> **SUPPLIED RECORDS**:
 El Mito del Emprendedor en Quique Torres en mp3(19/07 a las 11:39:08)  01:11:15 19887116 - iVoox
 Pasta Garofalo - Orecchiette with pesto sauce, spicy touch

---

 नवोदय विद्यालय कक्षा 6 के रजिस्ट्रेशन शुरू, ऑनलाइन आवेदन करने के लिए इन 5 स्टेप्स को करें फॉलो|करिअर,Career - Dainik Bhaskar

> **EXERCISE DETAILS**:
Your answer should be the lines above, from the line containing "El Mito del" up to and including the line containing "Pasta Garofalo - Orecchiette", reproduced exactly and with nothing else.

> **RESPONSE TO THE TASK**:
 El Mito del Emprendedor en Quique Torres en mp3(19/07 a las 11:39:08)  01:11:15 19887116 - iVoox
 Pasta Garofalo - Orecchiette with pesto sauce, spicy touch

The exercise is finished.